Post-Patch Verification
- Confirm the cPanel build is at or above the patched version for the branch.
- Confirm the LiteSpeed User-End cPanel Plugin is no longer available to cPanel users unless LiteSpeed has published a fixed version and you deliberately reinstalled it.
- Confirm auto-install for the user-end plugin is off until you are ready to re-enable it.
- Review recent cPanel, WHM, LiteSpeed, sudo, shell, and account-management logs for unusual administrator actions.
- Check reseller and high-risk customer accounts first, especially if they had cPanel access during the exposure window.
- Tell customers plainly if a panel feature was removed temporarily.
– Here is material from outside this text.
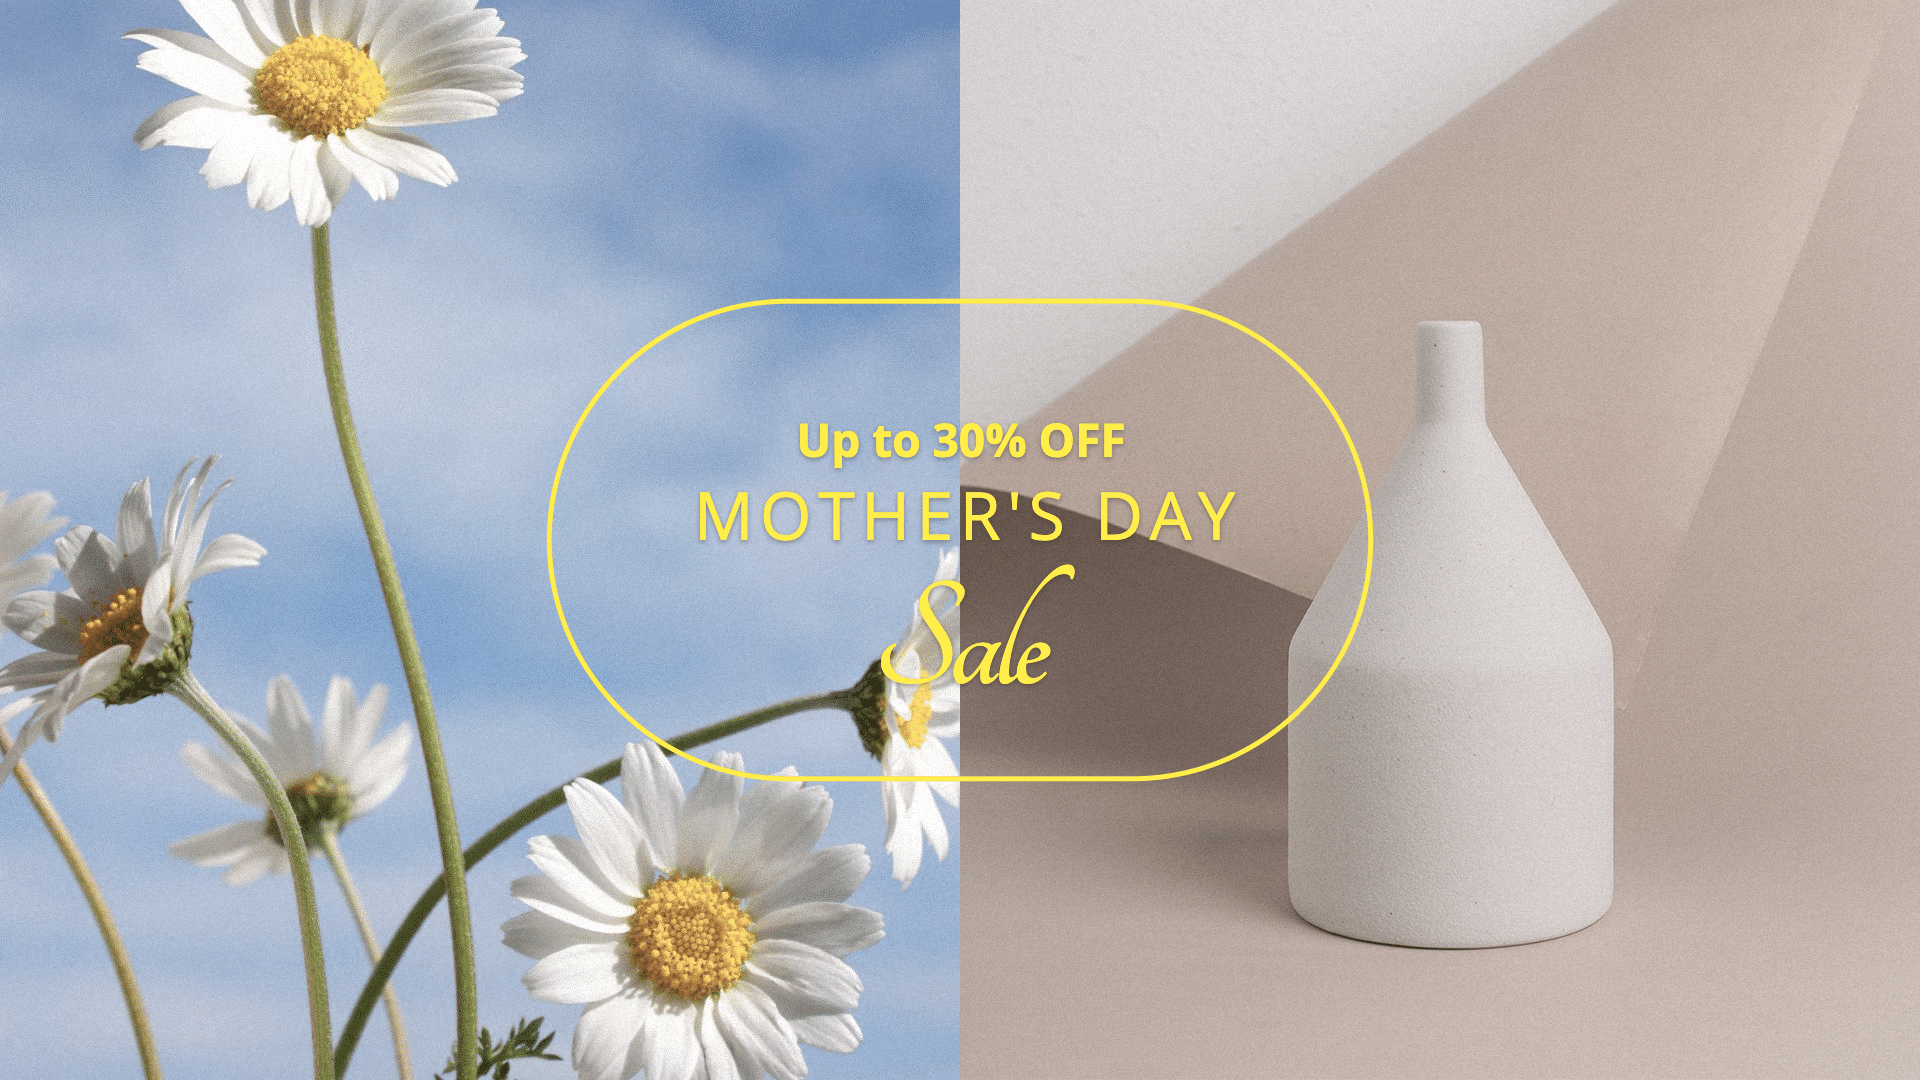 Mother's Day Festival Furniture Promotion Ecommerce Banner预览效果

Silence creates tickets; clear maintenance notes reduce panic.
What To Tell Customers
Use plain language: “We applied the May 2026 cPanel & WHM security update and temporarily removed or disabled the LiteSpeed user-end cPanel integration while the vendor finalizes safe plugin guidance. This does not mean your WordPress LiteSpeed Cache plugin was removed. Website caching and server LiteSpeed service may continue normally, but the cPanel-side management shortcut may be unavailable until the fixed component is confirmed.”
Source Links
- cPanel support: SEC-73728 May 19, 2026 security update
- cPanel support: SEC-73755 May 19, 2026 security update
- LiteSpeed documentation: cPanel user-end plugin
- LiteSpeed documentation: cPanel plugin management command
- myglobalHOST: May 2026 cPanel security patch timeline and LiteSpeed user-end plugin note
- Maxinames: cPanel May 20 TSR pre-announcement
Bottom Line
Patch cPanel now, verify the branch, remove or disable the LiteSpeed User-End cPanel Plugin if it remains available, and keep an eye on cPanel and LiteSpeed for the fixed plugin path. May 2026 has already shown that hosting control-panel bugs move quickly from “scheduled patch” to “active incident.” Treat this one with that same urgency.